О своей неумелости как писателя-беллетриста автор многократно говорит на протяжении очерков, точно рисуясь своим недостатком. «Эх, доля моя горькая! — восклицает он. — Назвался груздем, так и полезай в кузов. Взялся рассказывать, так и рассказывай. А между тем чувствую, как у меня все это выходит бледно, неумело, далеко от действительности. Просто руки опускаются и перо вываливается...» (247). Заметно, однако, что в самом недостатке своем автор видит некоторые, и даже значительные, достоинства, притом не свои личные, а литераторов своего круга и поколения. Пока не явится большой писатель, который сумеет в гармонической, художественно законченной форме показать новую красоту, приходится довольствоваться дисгармоничным, хаотическим повествованием, рассказывать там, где нужно создавать образы и картины, прибегать к комментариям и отступлениям, прерывать нить повествования ради полемических откликов и т. д. Такова эпоха, такова психология людей и, естественно, таково искусство. Гармоническая форма придет, когда наступит время, и оно, по Михайловскому, уже близко, а пока, до его прихода, нужно извлечь все художественные возможности и дисгармонии и, раз все равно «все выходит неумело», писать, не стесняя себя никакими условиями, смешивая науку с искусством, лирику с публицистикой, образы с рассуждениями.

Для Михайловского такая манера писать обо всем «вперемежку» имела еще и особый смысл. Разъединение человеческого знания на обособленные сферы он считал вредоносным результатом современной общественной раздробленности. Свою задачу он видел именно в том, чтобы «смешать» все виды познания, включая и художественное, поэтому он демонстративно и подчеркнуто переходил в своих статьях от данных биологии к фактам истории, художественной литературы, современной политической жизни, показывая тем самым связанность и взаимную обусловленность всего, что касается человека. Публицистичность, даже фельетонность изложения, внезапные переходы от одной темы к другой, стремление найти связь между фактами, никак не связанными в обычном представлении, отыскать общий корень очень далеких явлений жизни и мысли — все это было для Михайловского больше чем литературной манерой, это было его принципом. Задача автора заключалась в том, чтобы найти единство в пестроте разнообразного и разнородного материала. В статье «Герои и толпа» Михайловский специально предупреждал об этом читателя. «Надеюсь, — писал он, — что, когда мы дойдем до конца, читатель оправдает эту фактическую пестроту, ибо именно в этом пестром мы найдем цельное, в этом многом — единое» (II, 127—128).

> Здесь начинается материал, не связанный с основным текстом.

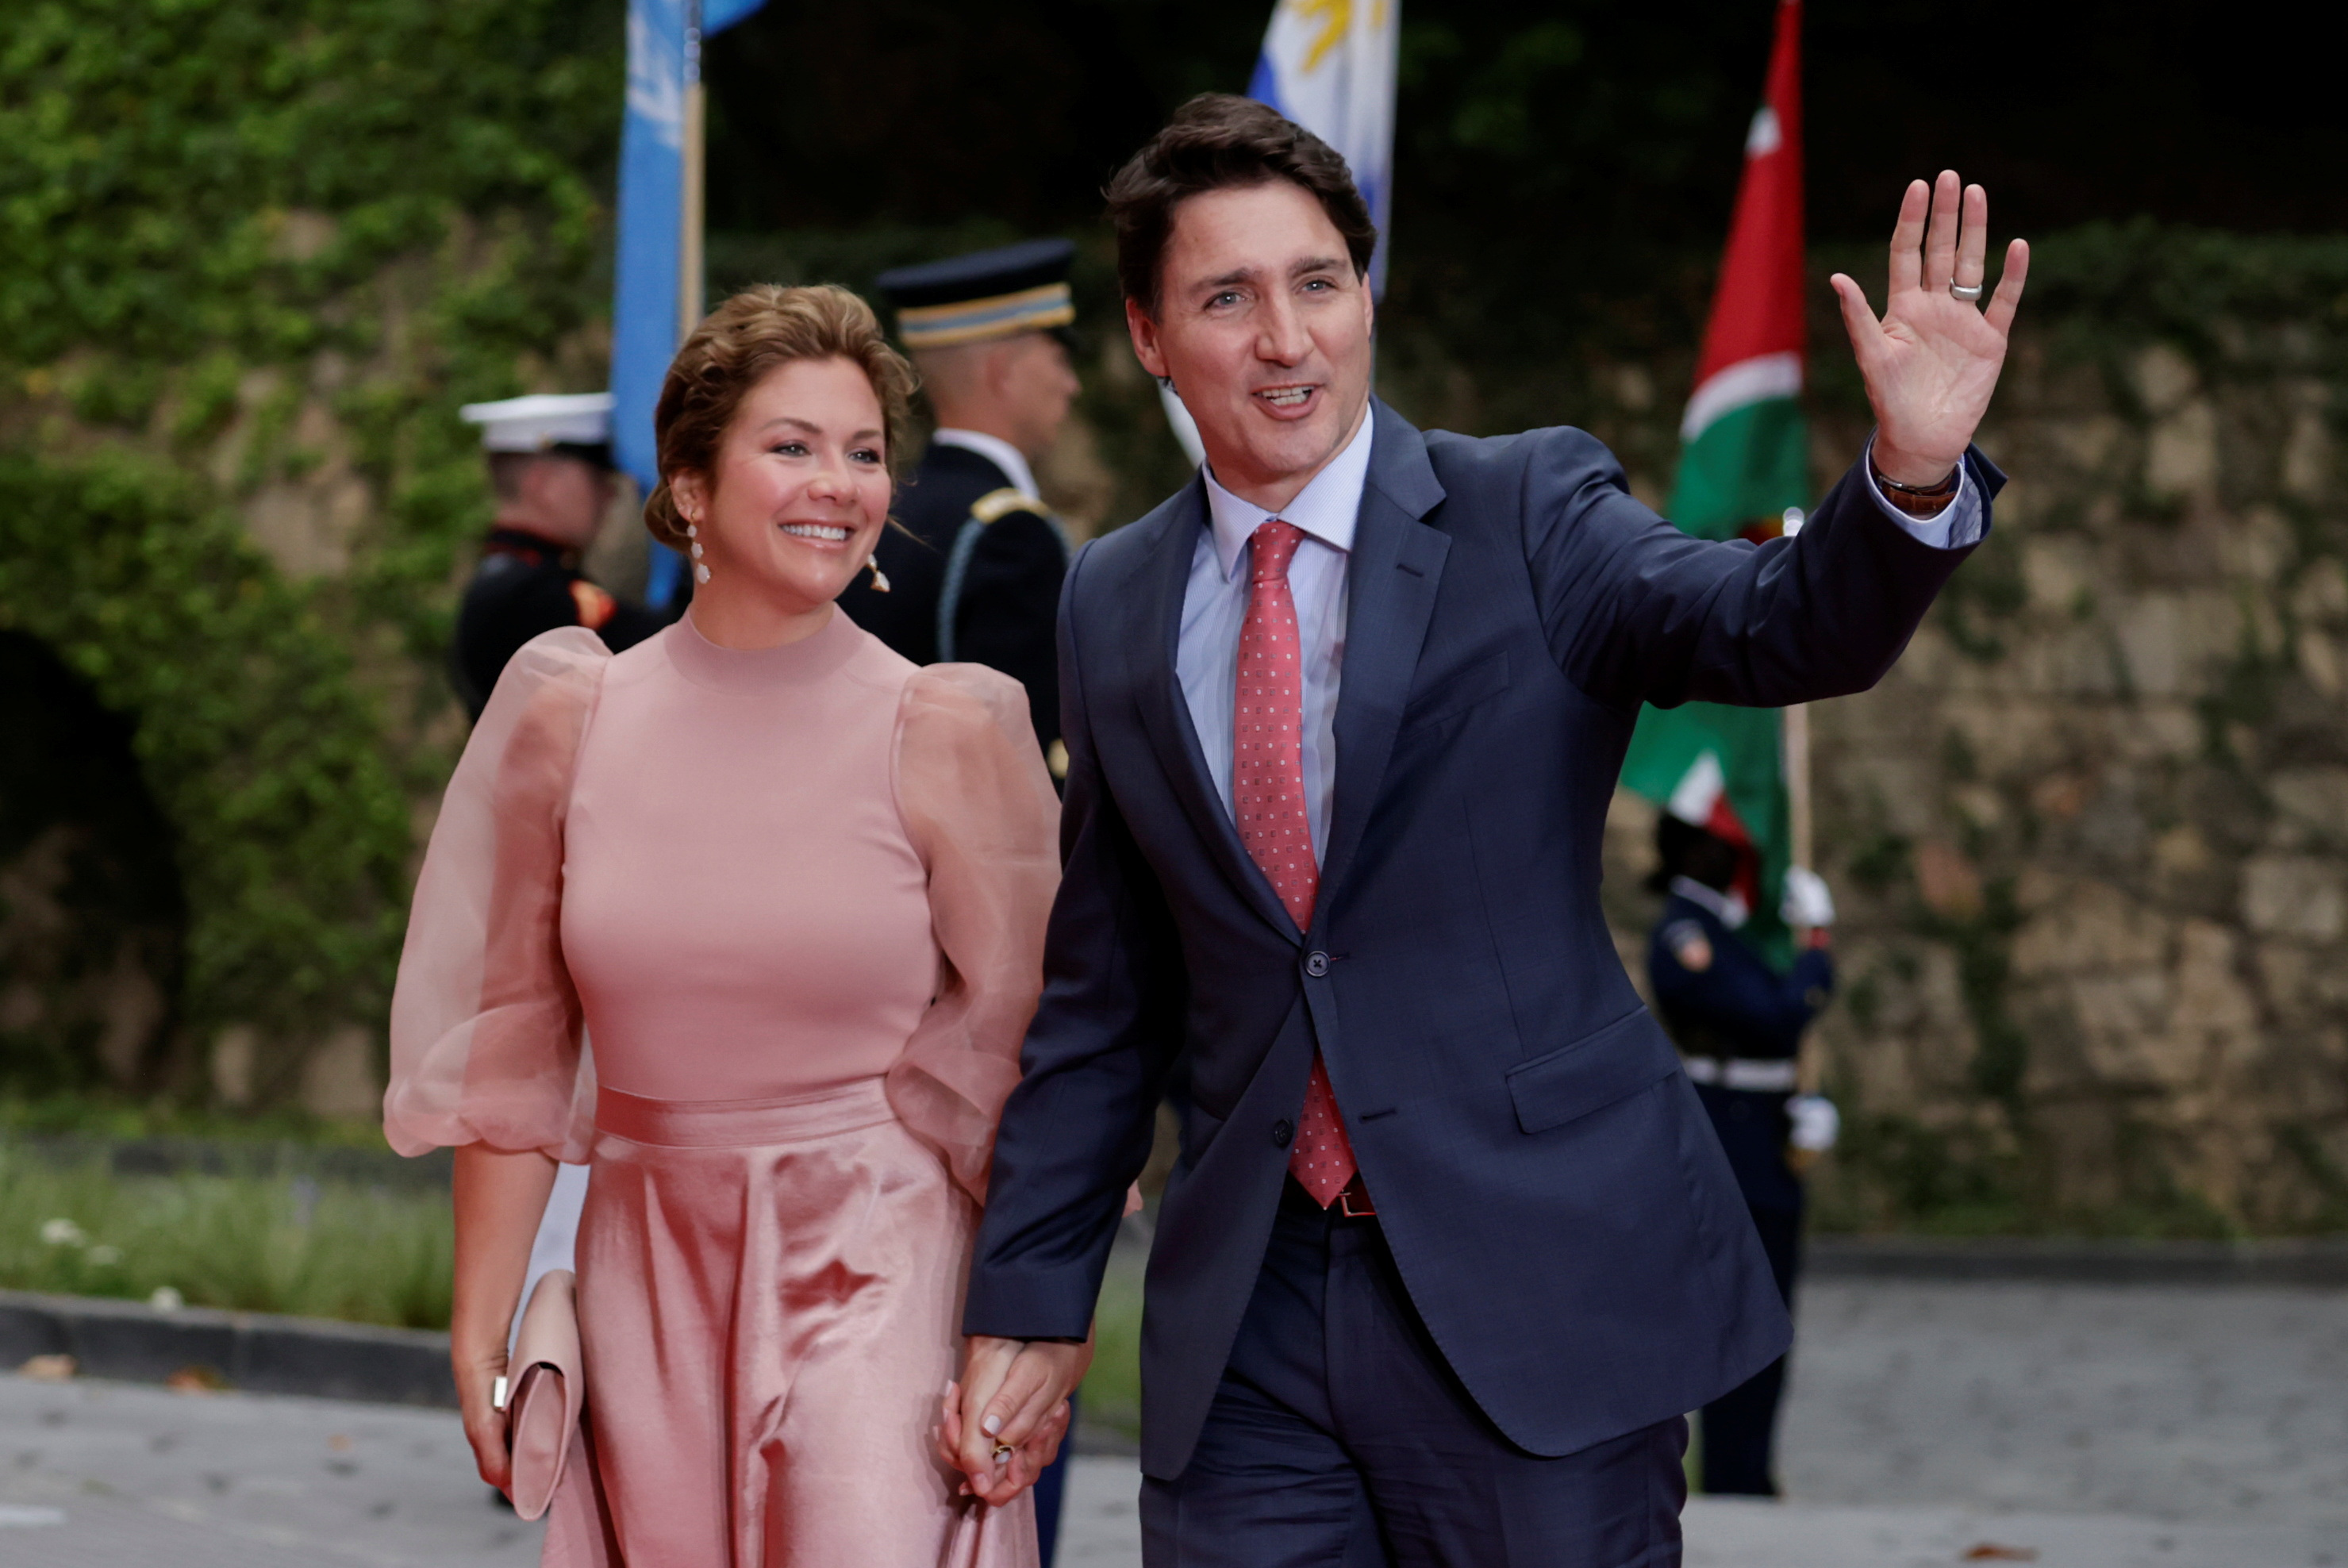 Justin and Sophie Trudeau separate after 18 years of marriage Reuters

Публицистическая манера Михайловского воспринималась как смелая попытка разрушить искусственные перегородки, построенные педантичными специалистами, равнодушными к живым запросам современности. По поводу одной из статей Михайловского В. Лункевич писал: «Чего только здесь нет! Точные исторические данные перемежаются с фактами... из области гипнотизма, оригинальные эпизоды из практики криминалистов или психиатров чередуются с художественными картинами, выхваченными из произведений великих мастеров слова. Там, смотришь, яркая характеристика средневековой цеховой организации, здесь — блестящий отрывок из «Войны и мира», сейчас шла речь о летописях самоубийства, и вдруг, словно по прихоти какого-то чародея, развернулись страницы о подражательной окраске у животных... А там опять поэтическая сценка, например из шекспировского «Ричарда Третьего», или экскурсия в таинственную область «патологической магии»... да разве это не вавилонское столпотворение! — восклицал возмущенный читатель. Разумеется, «все ведомства перепутал!»»22. Возмущался, конечно, только враждебный читатель. Читатели-друзья не возмущались. Напротив, манера «путать все ведомства» привлекала к Михайловскому горячие симпатии демократической молодежи 70—80-х годов.

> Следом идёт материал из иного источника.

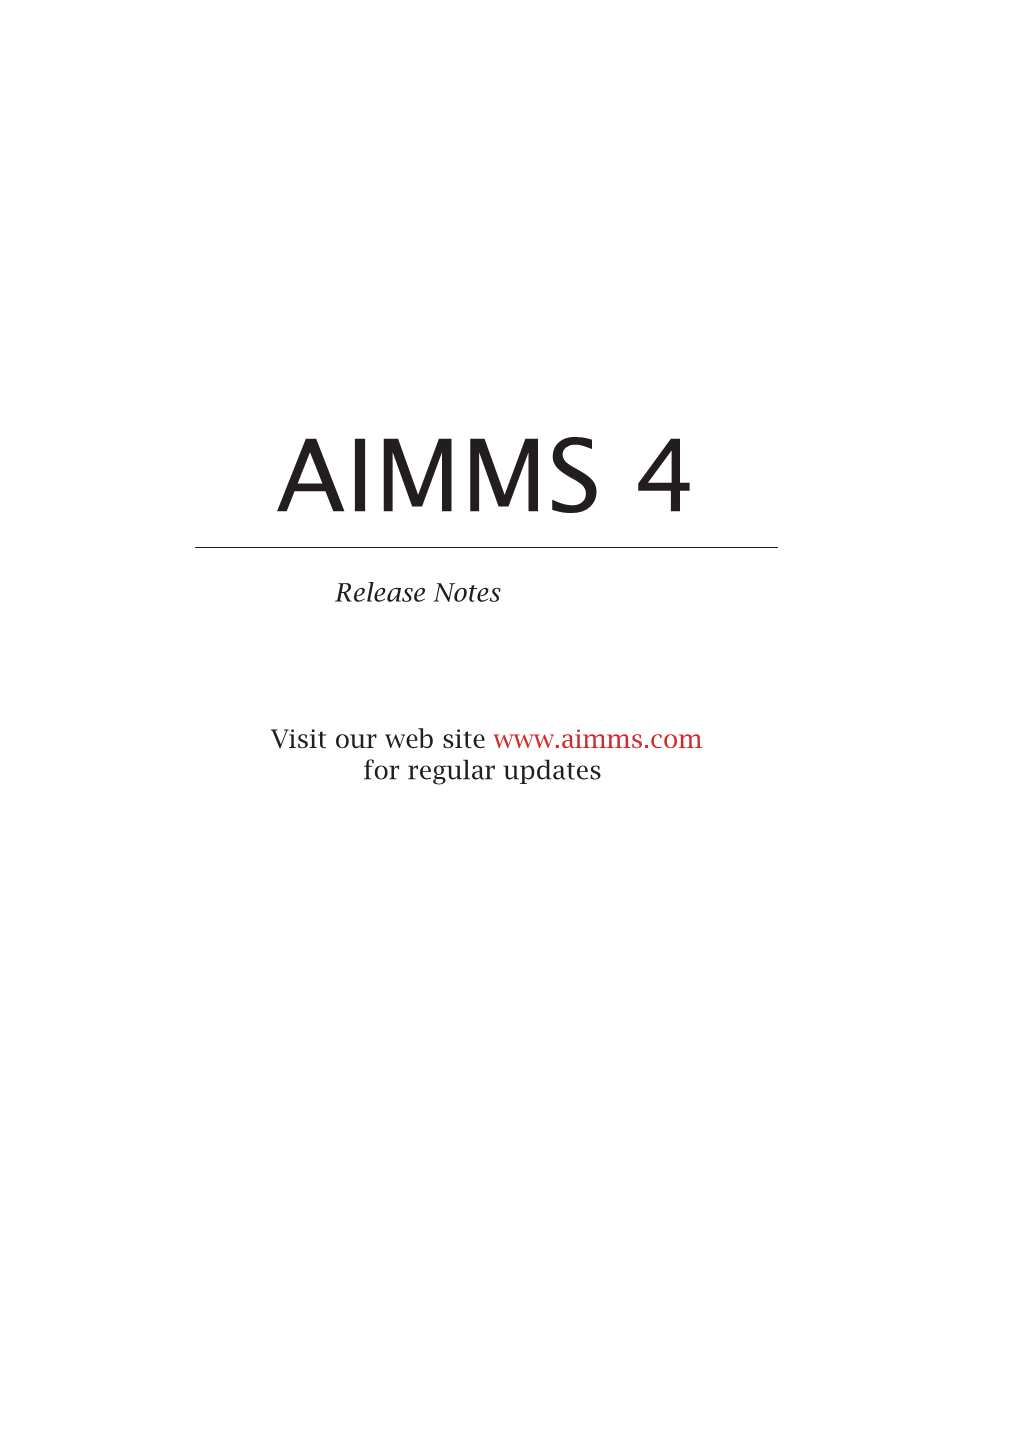 AIMMS 4 Release Notes
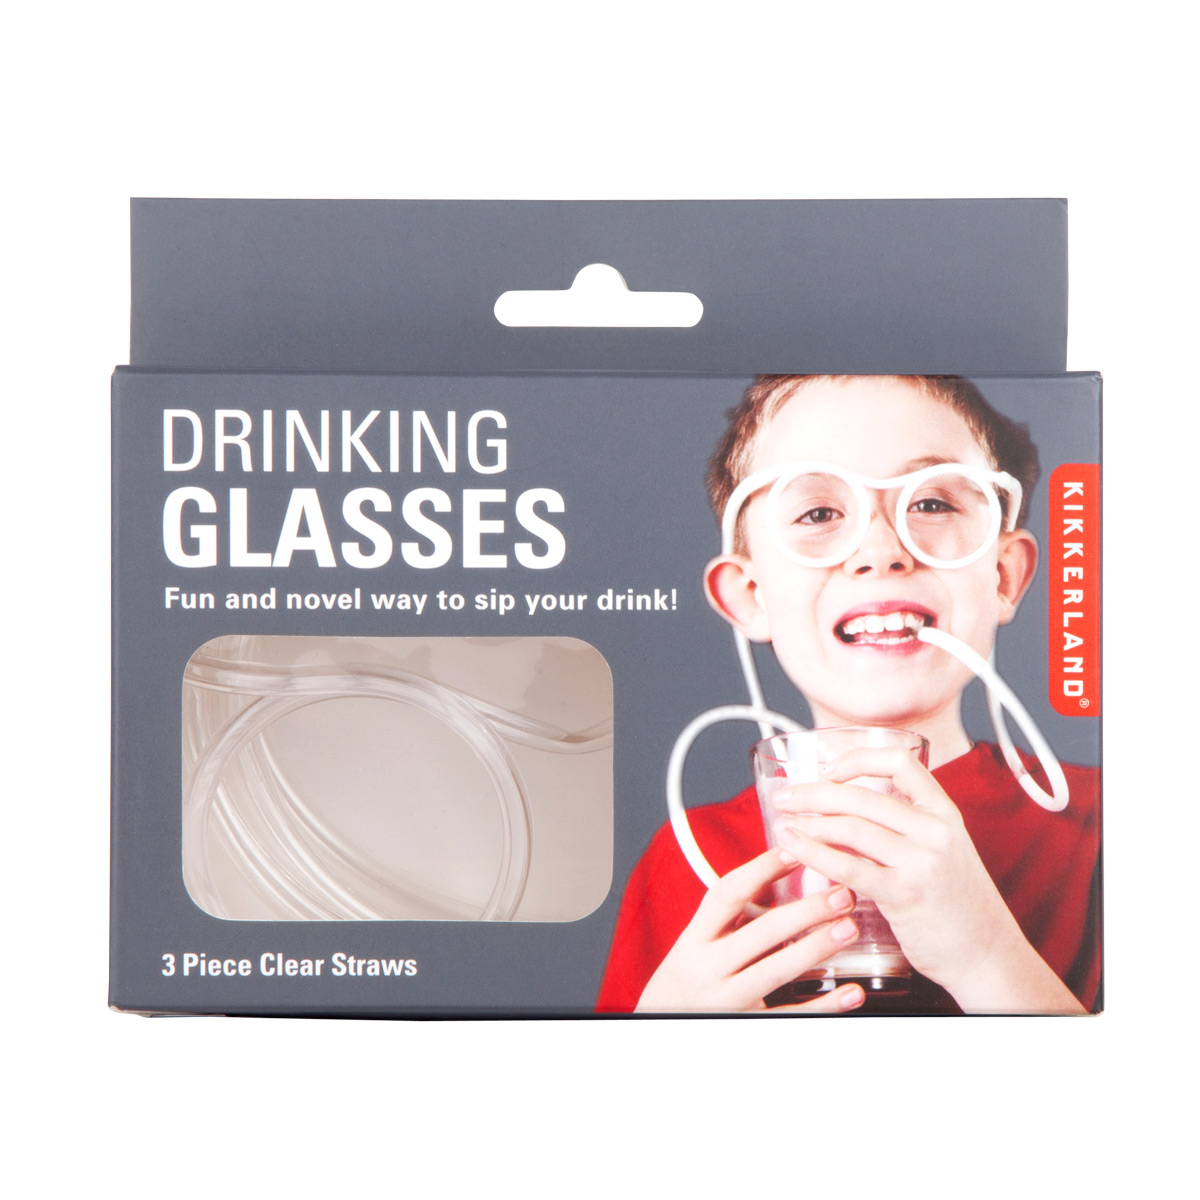 https://www.containerstore.com/catalogimages/376626/10077507_Drinking%20Glasses_PKG-VEN1.jpg

«В условиях того времени именно этот научно-публицистический прием захватывал, увлекал, давал особенное удовлетворение, — вспоминает В.Г. Короленко. — Серьезная и живая мысль, вооруженная большой эрудицией, спускалась в среду взволнованных будней, трудно доступных обсуждению. Идея появлялась, начинала определяться и вдруг как будто исчезала в горячей свалке современности. Казалось, что ученый, вовлеченный в эту свалку, совершенно отвлекся от развития своей мысли, всецело отдавшись полемическим схваткам и борьбе минуты. Но — опять новая страничка, порой даже несколько новых строк — и вся эта пестрая сутолока освещается, как зыбь под лучом рефлектора. И каждая частная деталь получает свое место и свое значение23.

14

Перебои тем, перерывы, резкие переходы сообщали всему повествованию Михайловского нервный тон, а позиция литератора, демонстративно пренебрегающего узаконенной закругленностью стиля, сказывалась в непринужденно-разговорной интонации речи. В полубеллетристических очерках «Вперемежку» нервно-разговорный тон был особенно явно подчеркнут. «Вечером дело было», — говорит автор в начале очерков (211), в другом месте он произносит эту же фразу с несколько иным порядком слов: «Дело вечером было» (258), но никогда не скажет он эти слова в обычном порядке: «Дело было вечером». В этом случае исчезла бы разговорная интонация. Об одном из персонажей рассказчик пишет: «О нем немножко подробнее, потому что он очень важную роль в моей жизни играл» (228), и здесь мы опять наблюдаем ту же разговорную инверсию и характерный для живой речи непринужденный пропуск сказуемого в главном предложении. Иногда автор как бы тут же подбирает слова, затрудняясь найти сразу подходящее выражение, точно в интимной беседе с друзьями: «Личное благополучие, как принцип, есть штука, конечно, очень, как бы сказать... мещанская, что ли» (279). Имитируется как бы некое заикание, которое быстро переходит в безукоризненно упорядоченную речь, даже с оттенком афористичности. Автор стремится показать, что он не намерен связывать себя никакими рамками, он может себе позволить различные интонации на протяжении одного абзаца и допустить полную свободу речи.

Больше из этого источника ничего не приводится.